**PROVIDED DATA**
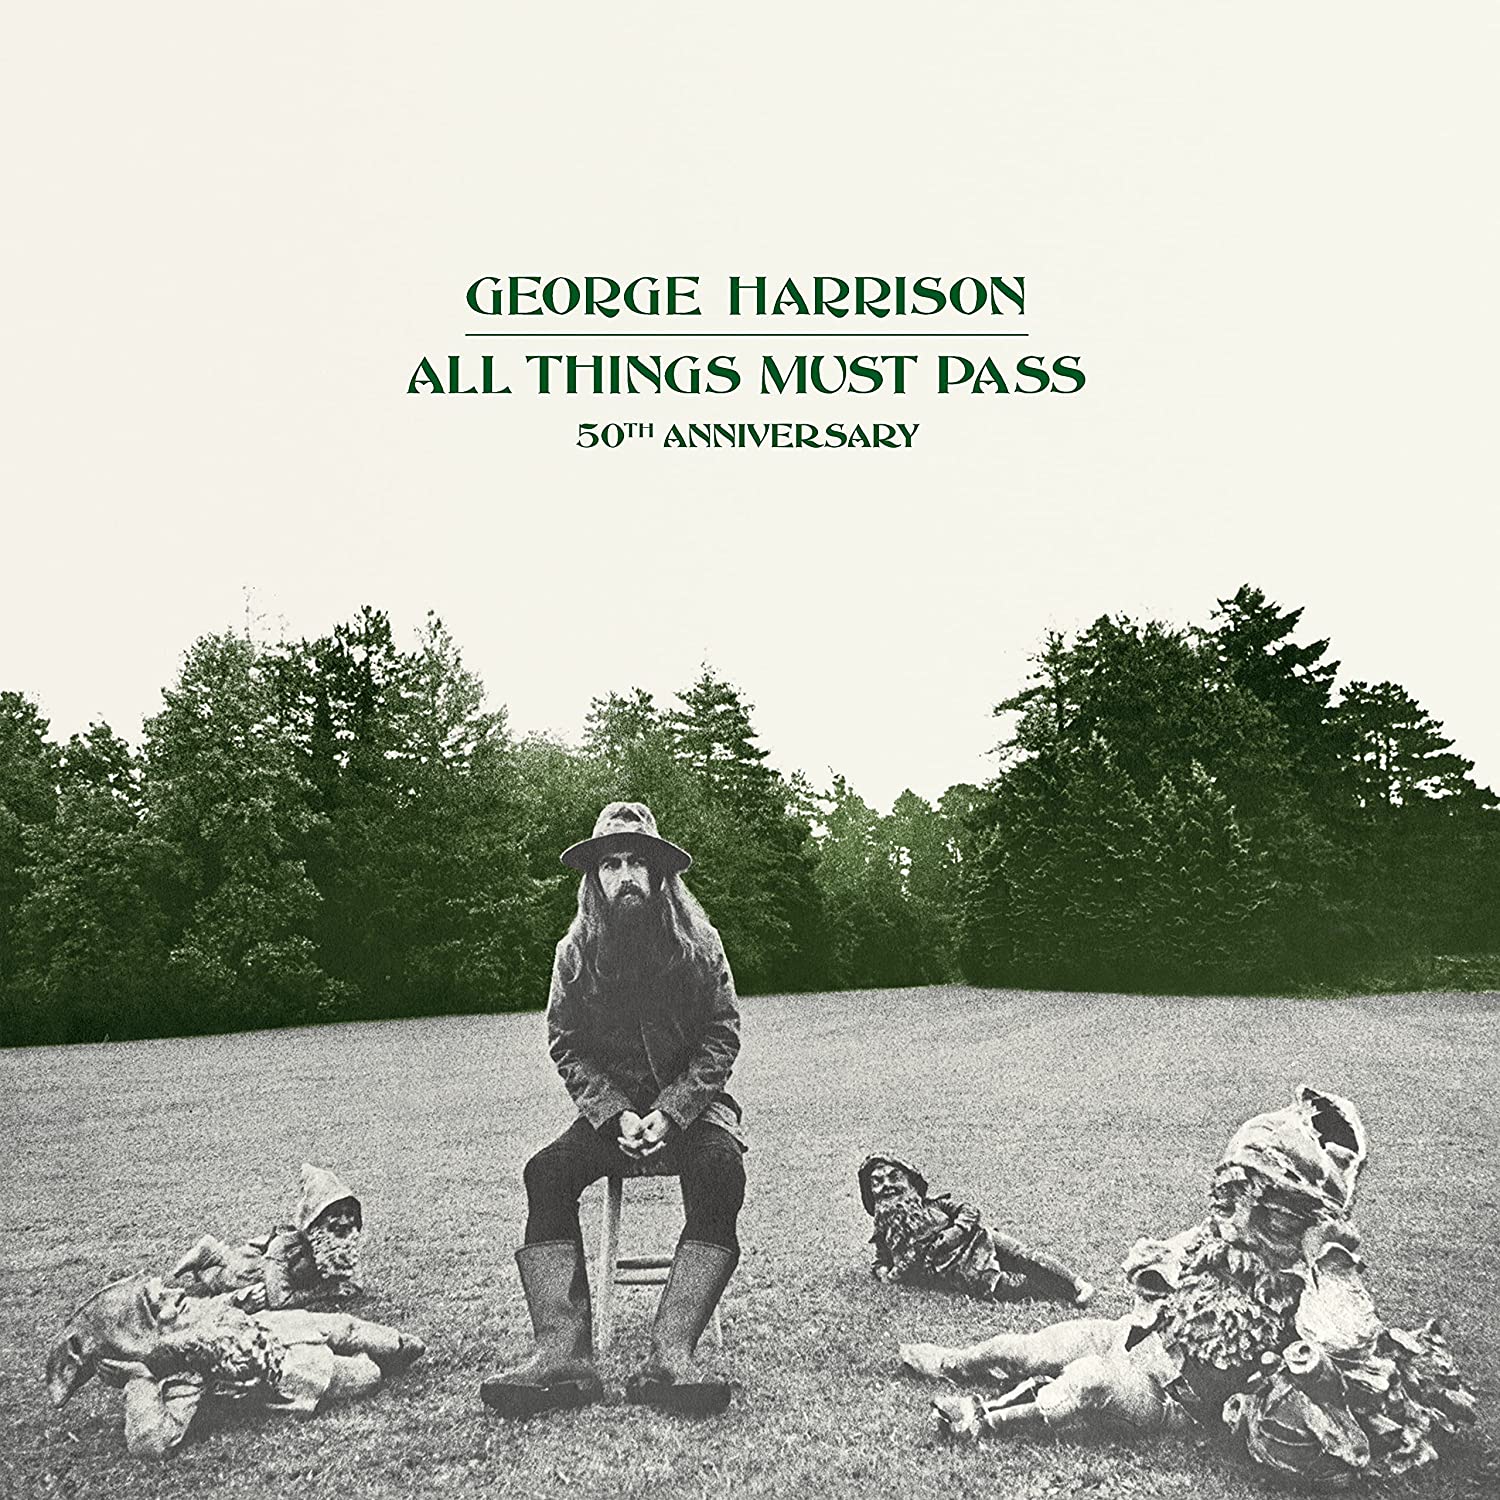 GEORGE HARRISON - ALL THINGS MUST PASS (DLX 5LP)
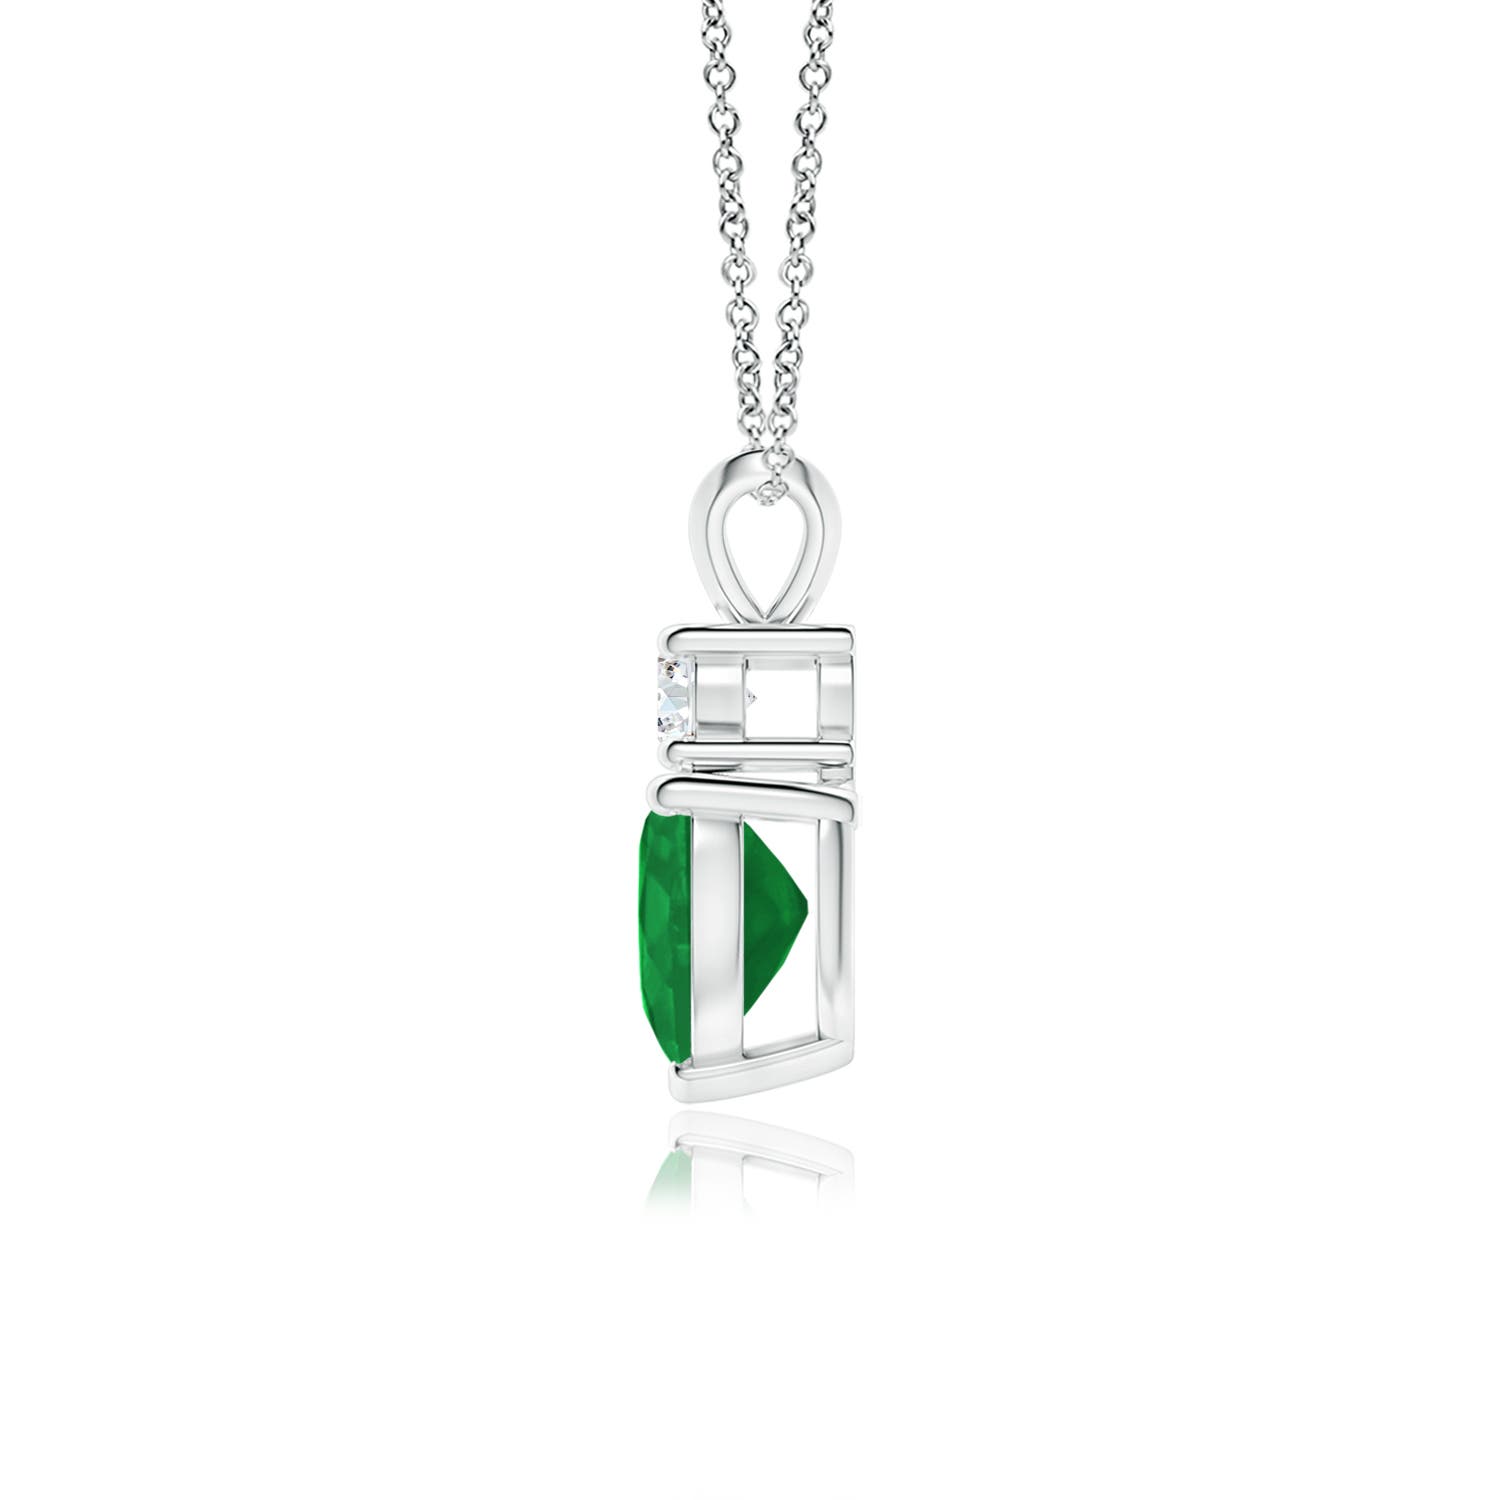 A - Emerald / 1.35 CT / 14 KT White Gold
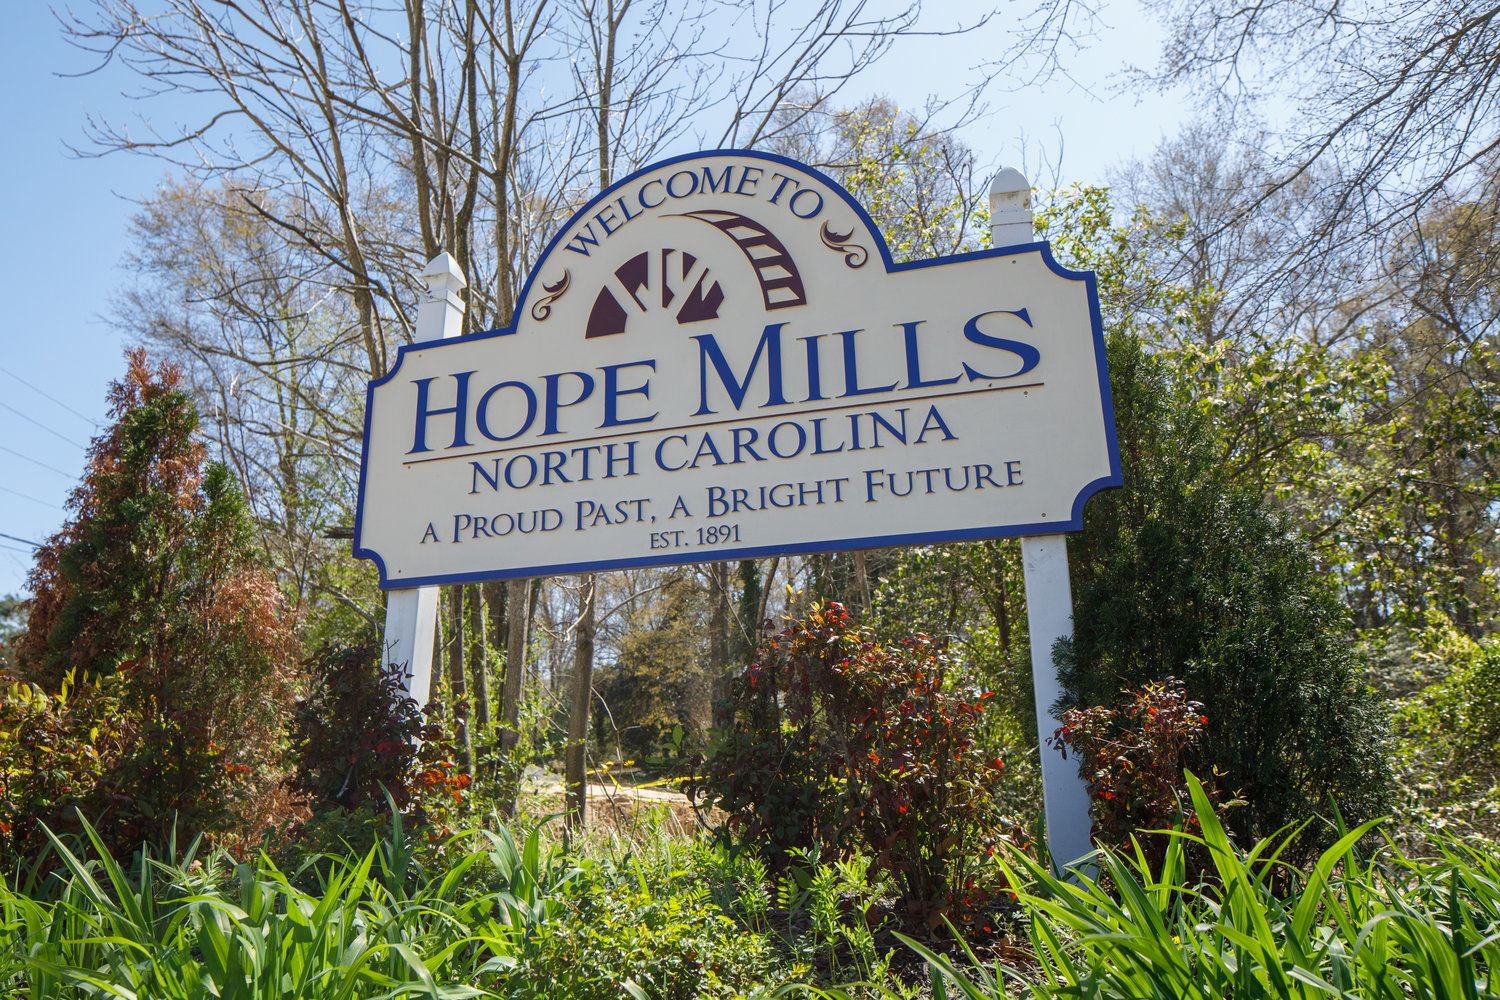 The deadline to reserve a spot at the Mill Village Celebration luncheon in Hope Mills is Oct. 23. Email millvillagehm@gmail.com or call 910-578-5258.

**WHAT YOU WILL DO**
Give the listing again exactly, excluding pictures.

**FINAL ANSWER**
 GEORGE HARRISON - ALL THINGS MUST PASS (DLX 5LP)
 A - Emerald / 1.35 CT / 14 KT White Gold
 The deadline to reserve a spot at the Mill Village Celebration luncheon in Hope Mills is Oct. 23. Email millvillagehm@gmail.com or call 910-578-5258.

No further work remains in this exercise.